Function calls as operands

Consider this code:

x = 3

def square(x):
    return x*x

def double(x):
    ans = x + x
    return ans

square(double(x))

Try drawing it on your own first by following the steps illustrated above!

The first three bindings look like this:

bindings

Now for the hard part:

square(double(x))

This is a function call. Notice that the operand for square is itself a function call! Should you draw the frame for square first or double? The procedure is as follows:

  1. Evaluate the operands. The operand of square is double(x), which is itself a function call:

    1. Evaluate the operands. The operand of double is x. Since we're in Global, the value of x is 3.
    2. Draw a new frame for double.
    3. Bind formal parameters. double's only parameter is x, and its operand is 3, so bind x to 3 in the new frame. Your diagram should look like this now:

      `double(x)`

    4. Execute the body of the function.

      The first line binds ans = x + x

    5. Evaluate the value: x + x is 3 + 3, so the value is 6
    6. Draw a box with the value
    7. Write the variable, which is ans

      `ans = x + x`

    8. Write the return value.

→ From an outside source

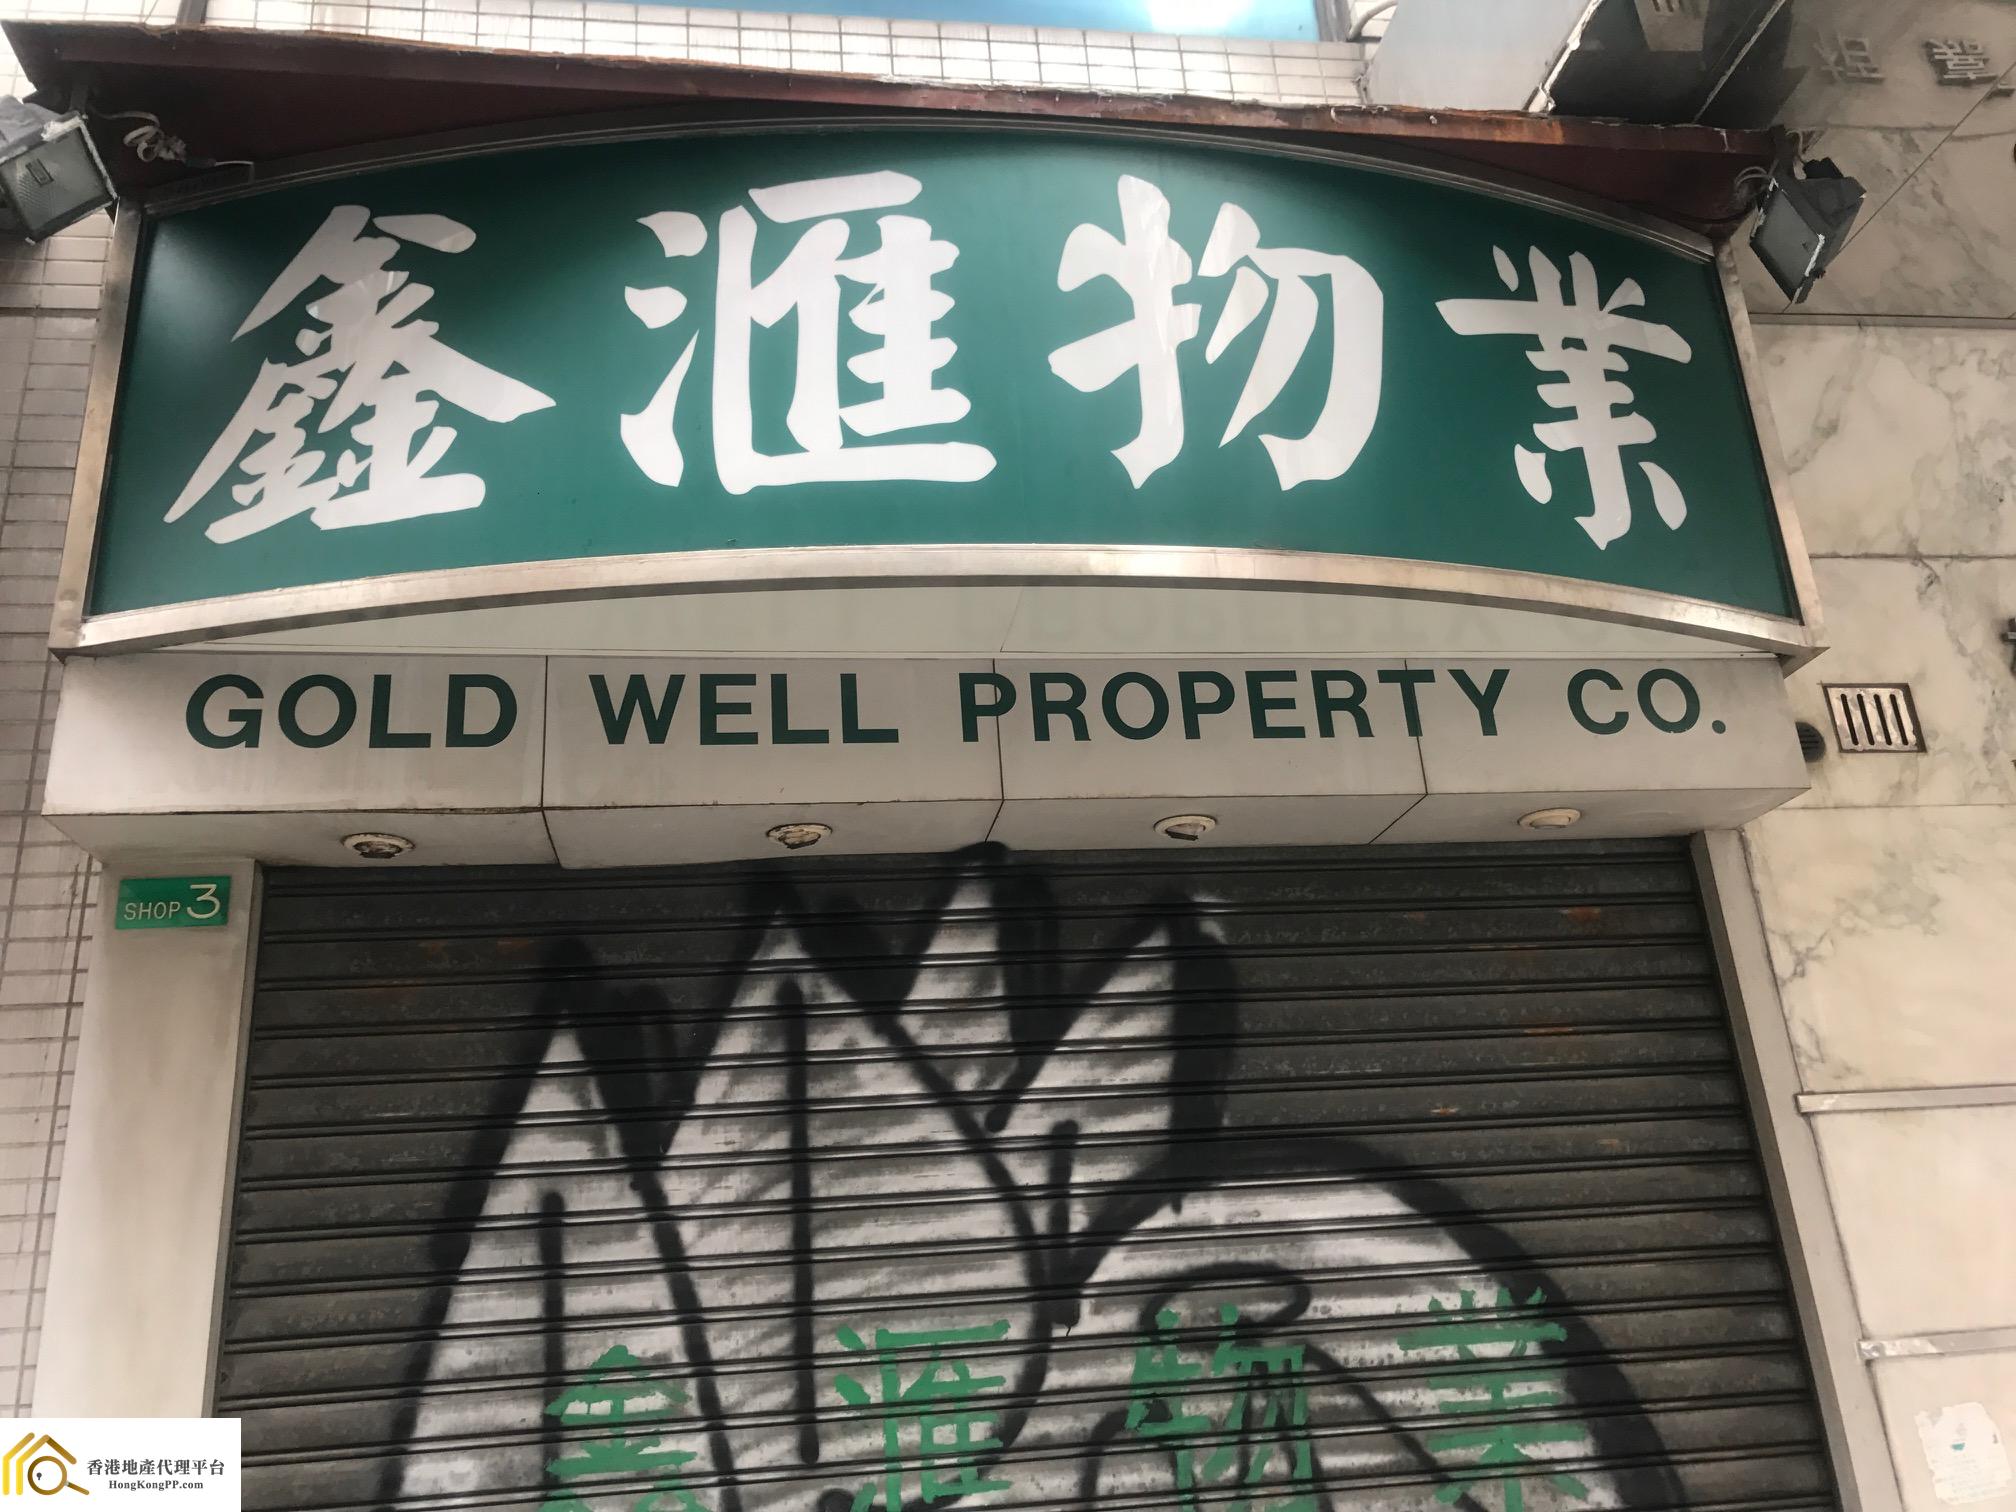 商舖地產代理: 鑫滙物業 Gold Well Property

The return value is ans, which is 6.

      `return ans`

  2. Draw a new frame for square
  3. Bind formal parameters. We saw in step 1 that double(x) is 6. square has a single parameter called x, so we bind x to 6 in the new frame for square

    `square(double(x))`

  4. Execute the body of the function. square just says return x*x. Since x is 6, x*x = 36
  5. Write the return value, which is 36

    `return x*x`

Reassigning functions

In Python, it is possible to reassign a function to something else. Consider the following code:

def foo():
    return 10

def bar():
    return 20

bar = foo
bar()

Before drawing the diagram, try to predict what the last line evaluates to. If you got 10, you are correct! Let's see why, by drawing the diagram. The def statements are drawn as follows:

bindings

The next line is the function reassignment:

bar = foo

Once again, we follow the rules for bindings:

  1. Evaluate the value. foo points to a function object with intrinsic name foo, so that's our value
  2. Draw the value in a box. Since we are reassigning bar, we just re-use bar's existing box — erase its old value and replace it with an arrow pointing to the foo function.
  3. Write the variable. bar is already written.

    bar = foo

Note: in the picture, the bar function disappears, but you don't have to erase it from your diagram.

The final line is

bar()

This is a function call, so we follow the corresponding procedure:

  1. Evaluate the operands. There are no operands.
  2. Draw a new frame. Notice that we are calling the function object with intrinsic name foo, so that's what we label the frame (don't label it bar!)
  3. Bind formal parameters. foo has no parameters.

    bar()

  4. Execute the body of the function. It just returns 10
  5. Write the return value.

    return 20

Nested functions

Up until now, we haven't had to draw the parent and frame numbers for frames. That's because we haven't had any nested function definitions yet.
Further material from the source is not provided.